Ferrari 312 is the name of several different Ferrari race cars which have 3 litre 12-cylinder engines. This article is about the Formula One car raced in 1966–1969. Other cars with the same model number include the 312B, 312T F1 cars and the 312P and 312PB sportscars.

The Ferrari 312 F1 was the designation of the 3 litre V-12 (hence 312) Formula One cars raced by the Italian team from 1966 to 1969.

Overview

Naming 
Designed under the leadership of Mauro Forghieri, there were two distinct variations using this designation, the 1966 version and the completely different 1967-69 version. The '66 cars carried on the chassis numbering sequence from the previous year's 1.5 litre cars, while the '67 cars began a new sequence at "0001". To avoid confusion, the cars are commonly referred to as 312 F1-66, 312 F1-67 etc.

1966 
For the 1966 Formula One season, there was a change in the technical regulations, now allowing 3 litre engines. The F1 teams, even though asking for "the return to power", were more or less surprised and not well prepared.
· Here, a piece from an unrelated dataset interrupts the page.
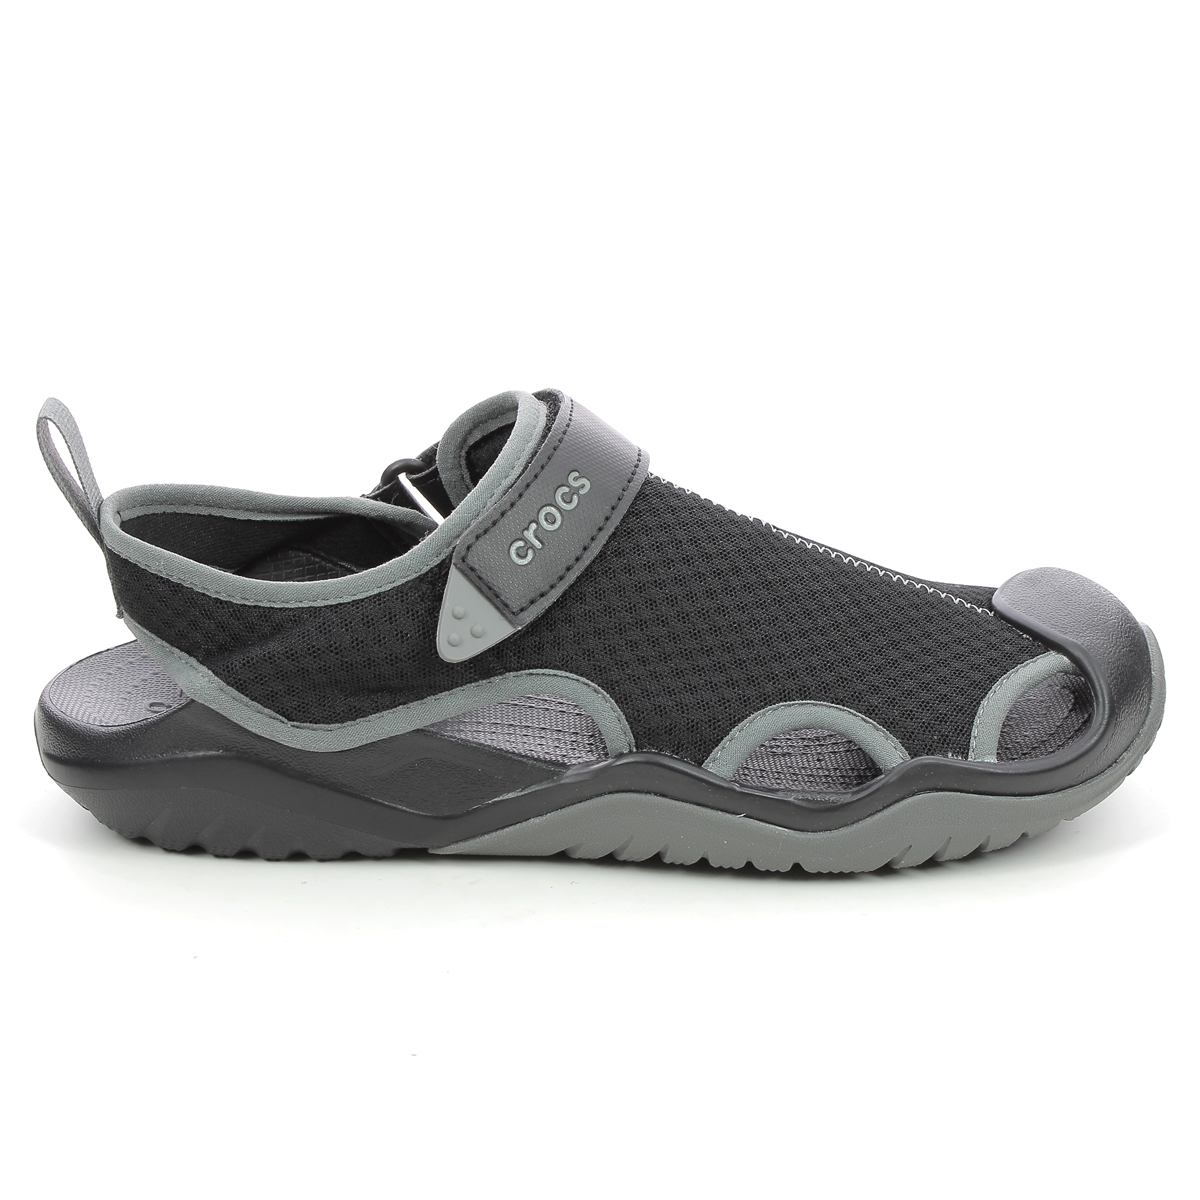 Crocs Swiftwater Mesh 205289-001 Black shoes

Ferrari's first 1966 car consisted of a 3.3-litre V12 engine that was taken from the Ferrari 275P2 sportscar prototypes, modified to 3000cc, and mounted in the back of an F1 chassis. The designation 312, which would be used for a number of later cars, indicated a 3-litre, 12-cylinder engine. The engine was rather heavy, and due to the reduced capacity, lower on power and especially torque. John Surtees drove this contraption unsuccessfully in Monaco while Lorenzo Bandini drove a Ferrari Dino 2.4-litre V6. Surtees won the second race, the 1966 Belgian Grand Prix, a track that favoured power with its long straights, but the 1964 champion departed after a row with manager Eugenio Dragoni. The issue was about priorities in racing, as Ferrari was under pressure from Ford in sports car racing, and the F1 effort was somewhat neglected. Mike Parkes replaced Surtees, who went to Cooper which used Maserati engines, to finish second in the driver championship with a further win. For Ferrari, Ludovico Scarfiotti also won a race, the 1966 Italian Grand Prix at Monza which helped Ferrari finish second in the Constructors' Championship.

1967 
In 1967, the team fired Dragoni and replaced him with Franco Lini. Chris Amon partnered Bandini to drive a somewhat improved version of the 1966 V12 car. At the 1967 Monaco Grand Prix, Bandini crashed and suffered heavy injuries when he was trapped under his burning car; several days later he succumbed to his injuries. Ferrari re-hired Mike Parkes, but Parkes suffered career-ending injuries weeks later at the 1967 Belgian Grand Prix. Several accidents, a fatality, no race win, and only 5th in the Constructors' Championship marked a bad year for Ferrari. In addition, the new Ford Cosworth DFV engine that had its debut in the Lotus 49 would dominate F1 in the 15 years to come.

1968 

The 1968 season continued Ferrari's poor performance. New driver Jacky Ickx won the wet 1968 French Grand Prix, but had few other successes. Things became more complicated during the season due to the introduction of aerodynamic devices into F1, and their quick development. At the end of the season, Scuderia Ferrari finished 4th in the Constructors' Championship. Manager Franco Lini quit, and so did Ickx, moving to Brabham. To provide for the future, during the summer of 1968, Enzo Ferrari worked out a deal to sell his road car business to Fiat for $11 million; the transaction took place in early 1969, leaving 50% of the business still under control of Ferrari himself.

1969 
During 1969 Enzo Ferrari set about wisely spending his new-found wealth to revive his struggling team; though Ferrari did compete in Formula One in 1969, it was something of a throwaway season while the team was restructured. Amon continued to drive an older model and Pedro Rodríguez took Jacky Ickx's place; at the end of the year Amon left the team which once again had no race wins and was only ranked 5th in the Constructors' Championship.

The car was succeeded by the 312B which was introduced for the 1970 Formula One season.

Formula One World Championship results
(key) (results in bold indicate pole position; results in italics indicate fastest lap)

PC Simulation
In 1998, a drivable, detailed virtual recreation of the 1967 Ferrari 312 appeared as one of the leading cars in Grand Prix Legends (GPL), a PC-based simulation of the 1967 F1 championship. The 1966 version was part of a free 66 Mod for GPL, which was introduced in 2007. It included further refined driving physics. The 1968 and 1969 cars, which feature wings for added downforce, appear in the respective season mods as well. In 2017, the 1967 version was included in the Ferrari 70th Anniversary Celebration Pack for Assetto Corsa.

Popularity
In 2011, TheF1Times.com rated the 312 as being "the most beautiful Formula One car of all time", stating "Ferrari's 312 remains in some opinions as one of the most aesthetically-pleasing Formula One cars of not only the 1960s, but of all time."

References
Tremayne, David & Hughes, Mark (1998). "The Concise Encyclopedia Of Formula One'', Paragon.